The anonymous author of the “Prayer of Rabbi Shimon ben Yokhai” viewed the replacement of the Christian Byzantine Roman Empire, by the Muslim Arabs, as an act of God; which rescued the oppressed Jewish communities throughout the Near East, and especially in Jerusalem, from Christian Byzantine persecution. 

In 614 CE a Persian army, supported by thousands of Persian Empire Jewish volunteers, had captured Jerusalem. This event is referred to in the Qur’an: “The Romans (Byzantines) have been defeated in the nearest land (Syria/Israel). But after their defeat, they will overcome (the Persians) within three to nine years. To Allah belongs the command before and after.” (30:2-4) 

In 628 CE the Romans (Byzantines) did recapture Jerusalem, and they massacred all those Jews who had returned to Jerusalem during the period of Persian rule. Yet just one decade later, Arab armies had conquered and displaced the Roman (Byzantine) rulers from Egypt to Iraq.

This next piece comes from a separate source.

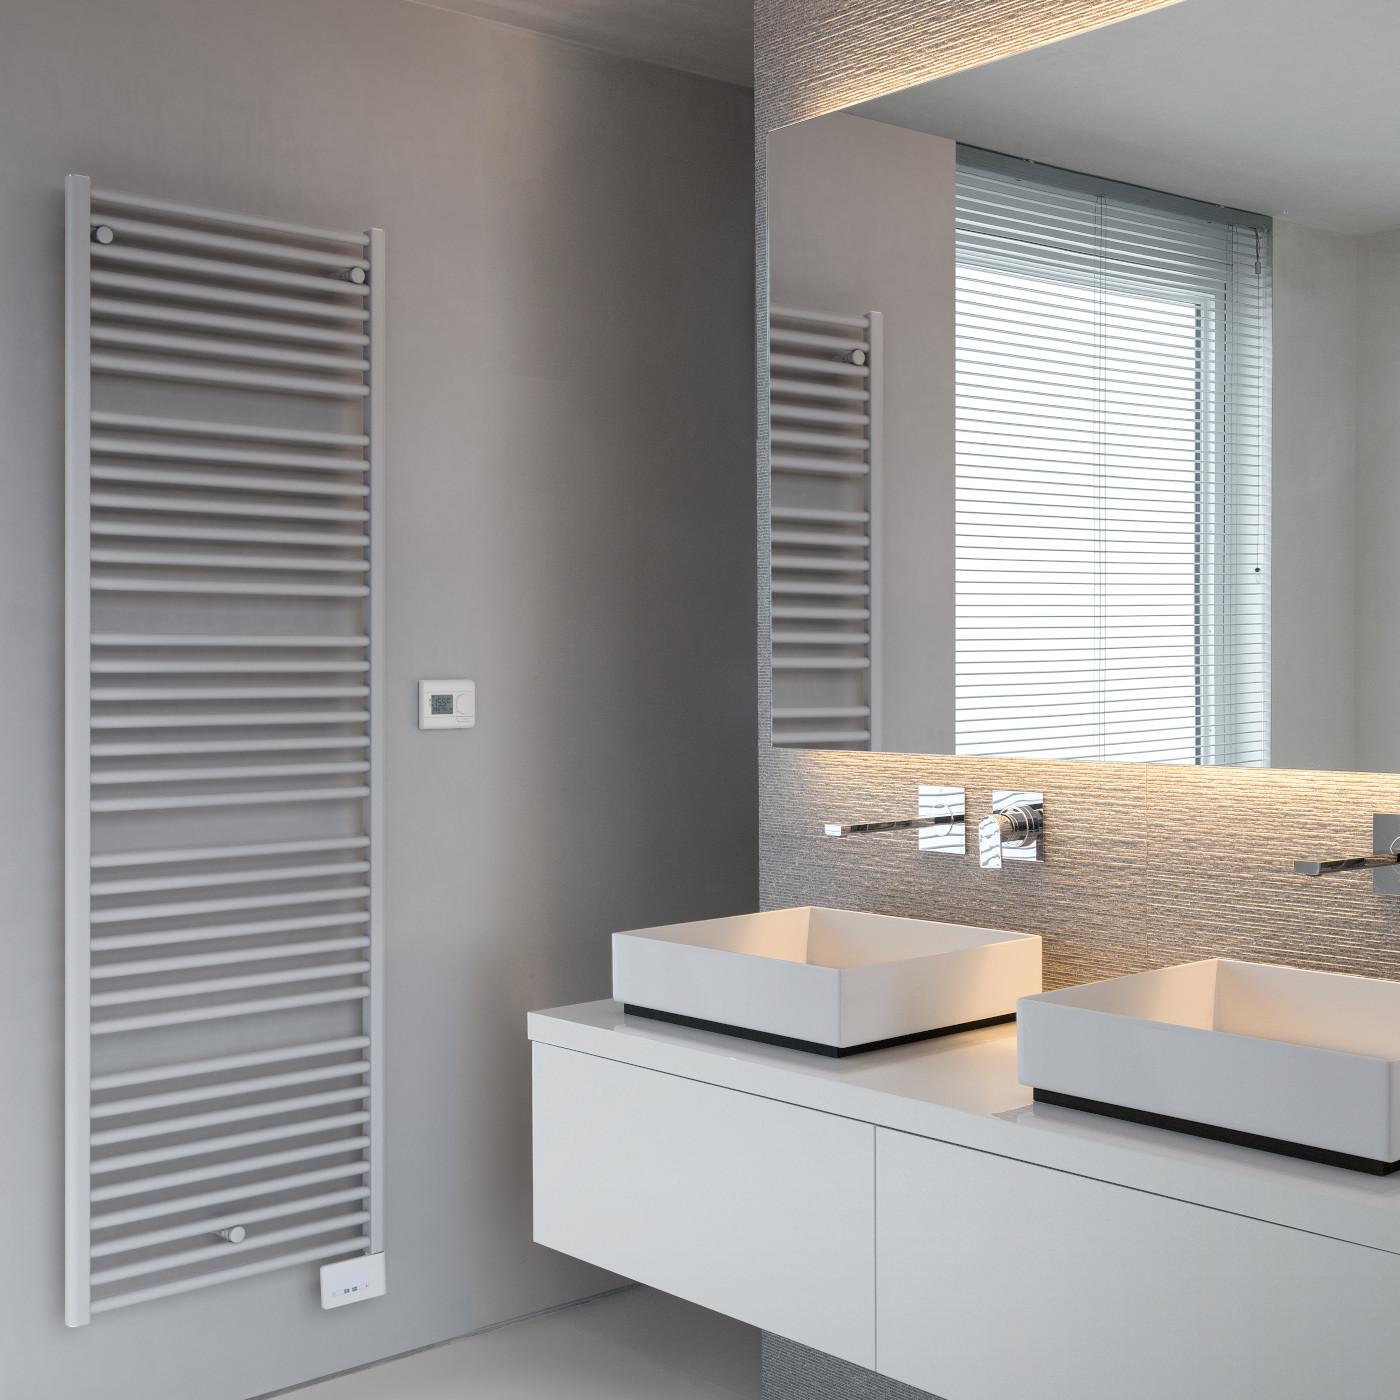 luxe vasco badkamer in stijl

If Rabbi Mukhayriq had not died fighting alongside Prophet Muhammad in the battle of Uhud; he could easily have lived long enough to see the Arab conquest of Jerusalem, and himself been able to return to live there. 

In the following centuries, Jews from Spain to Mesopotamia lived much freer lives under Muslim rule than previous centuries of Christian and Zoroastrian rule. Rabbi Mukhayriq may have been wrong in thinking of Prophet Muhammad as a Messianic figure, but he was right in thinking Muhammad would begin a new era in world history. 

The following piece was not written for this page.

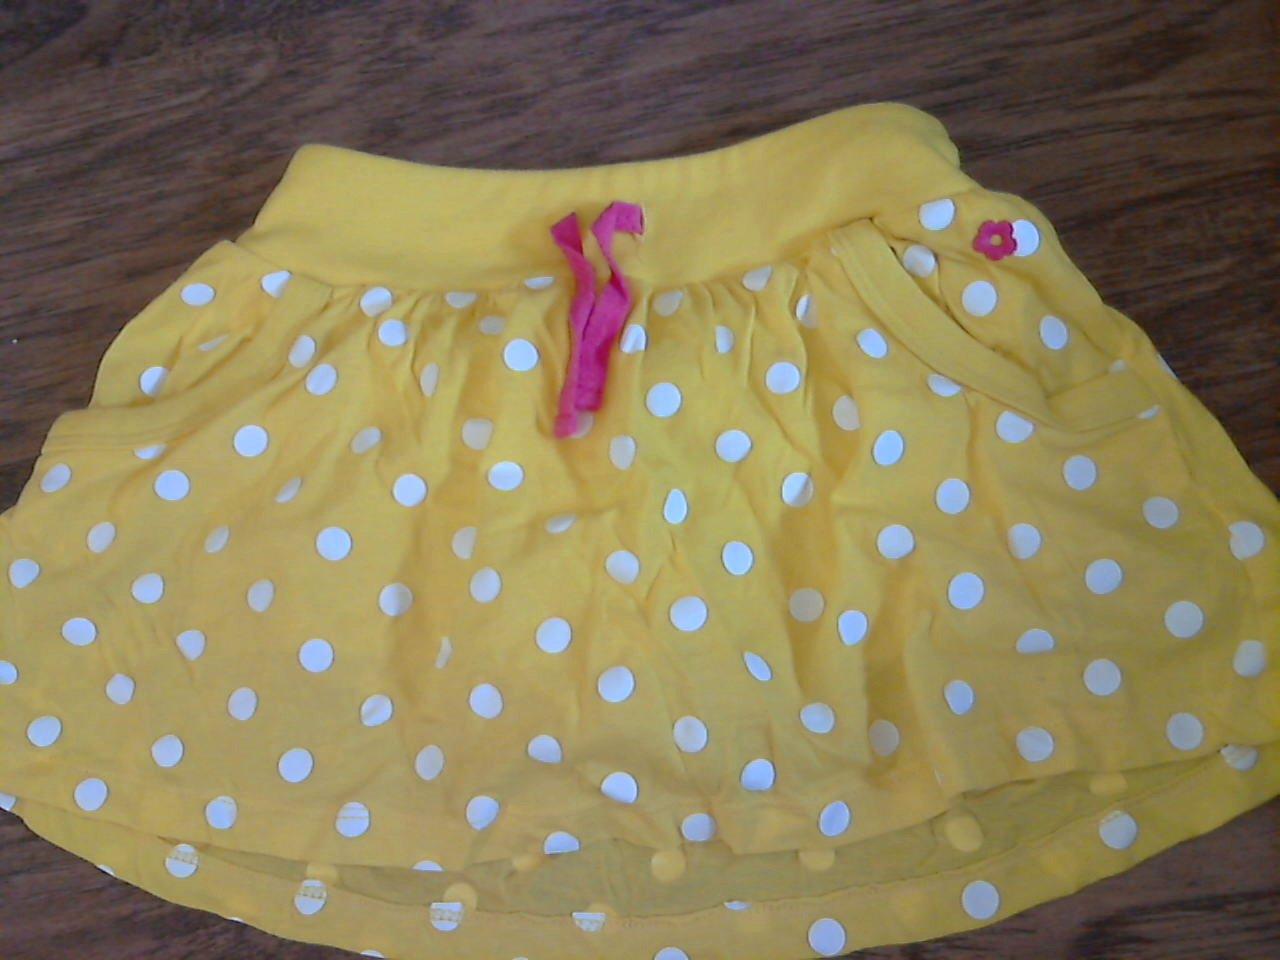 Carter's toddler girl's yellow waistband skirt 4T

Even four centuries after Rabbi Mukhayriq’s death there were rabbis who saw Muhammad as an authentic Prophet of God. Natan’el al-Fayyumi, a prominent 12th-century Yemenite rabbi and theologian, and the founder of what is sometimes called “Jewish Ismailism”, wrote in his philosophical treatise Bustan al-Uqul (“Garden of Wisdom”) that God sends prophets to establish religions for other nations, which do not have to conform to the precepts of the Jewish Torah. 

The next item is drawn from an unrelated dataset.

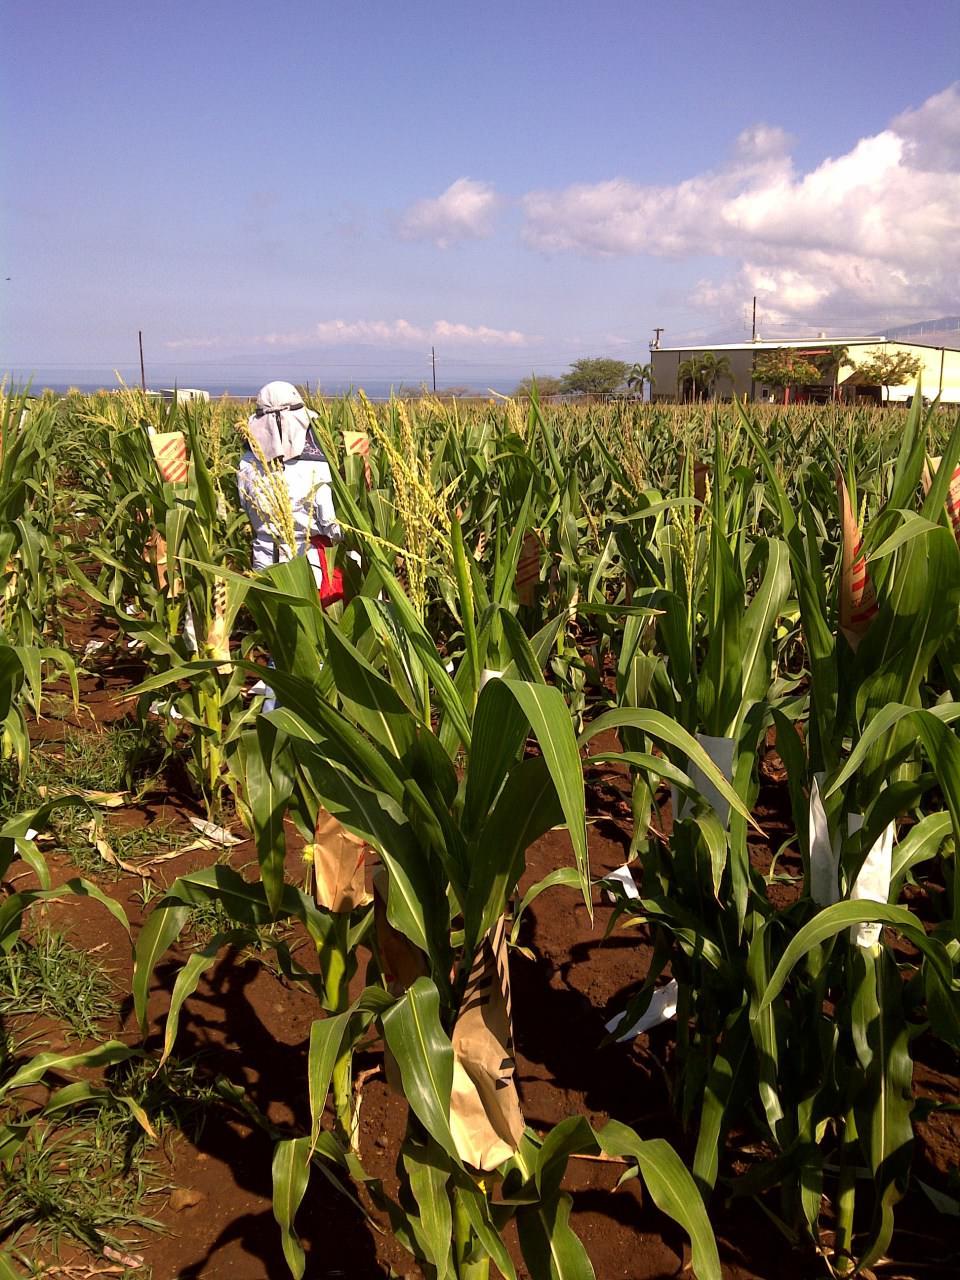 A Libertarian Visits Monsanto

Rabbi Nethan’el explicitly considered Muhammad a true prophet, who was sent from Heaven with a message for the Arabs, but not for the Jews. As the Qur’an itself states: “He it is who has sent unto the unlettered people an apostle from among themselves, to convey unto them His messages, and to cause them to grow in purity, and to impart unto them the divine writ as well as wisdom – whereas before that they were indeed, most obviously, lost in error.” (62:2)

Perhaps Rabbi Mukhayriq’s devotion to a Messianic future of peace and brotherhood can inspire Islamic and Jewish religious leaders today to heal past wounds, and make Jerusalem a city of peace in the future. The Qur’an refers to Prophet Abraham as a community or a nation: “Abraham was a nation/community [Ummah]; dutiful to God, a monotheist [hanif], not one of the polytheists.” (16:120) If Prophet Abraham is an Ummah; then fighting between the descendants of Prophets Ishmael and Isaac is a civil war and should always be avoided.

If all Arabs and Jews can live up to the ideal that ‘the descendants of Abraham’s sons should never war against each other’ is the will of God; we will help fulfill the 2700 year old vision of Prophet Isaiah: “In that day there will be a highway from Egypt to Assyria. The Assyrians will go to Egypt, and the Egyptians to Assyria. The Egyptians and Assyrians will worship together. On that day Israel  will join a three-party alliance with Egypt and Assyria, a blessing upon the heart. The LORD of Hosts will bless them saying, “Blessed be Egypt My people, Assyria My handiwork, and Israel My inheritance.”…(Isaiah 19:23-5)

Rabbi Allen S. Maller

Allen Maller retired in 2006 after 39 years as Rabbi of Temple Akiba in Culver City, Calif. He is the author of an introduction to Jewish mysticism. God. Sex and Kabbalah and editor of the Tikun series of High Holy Day prayerbooks.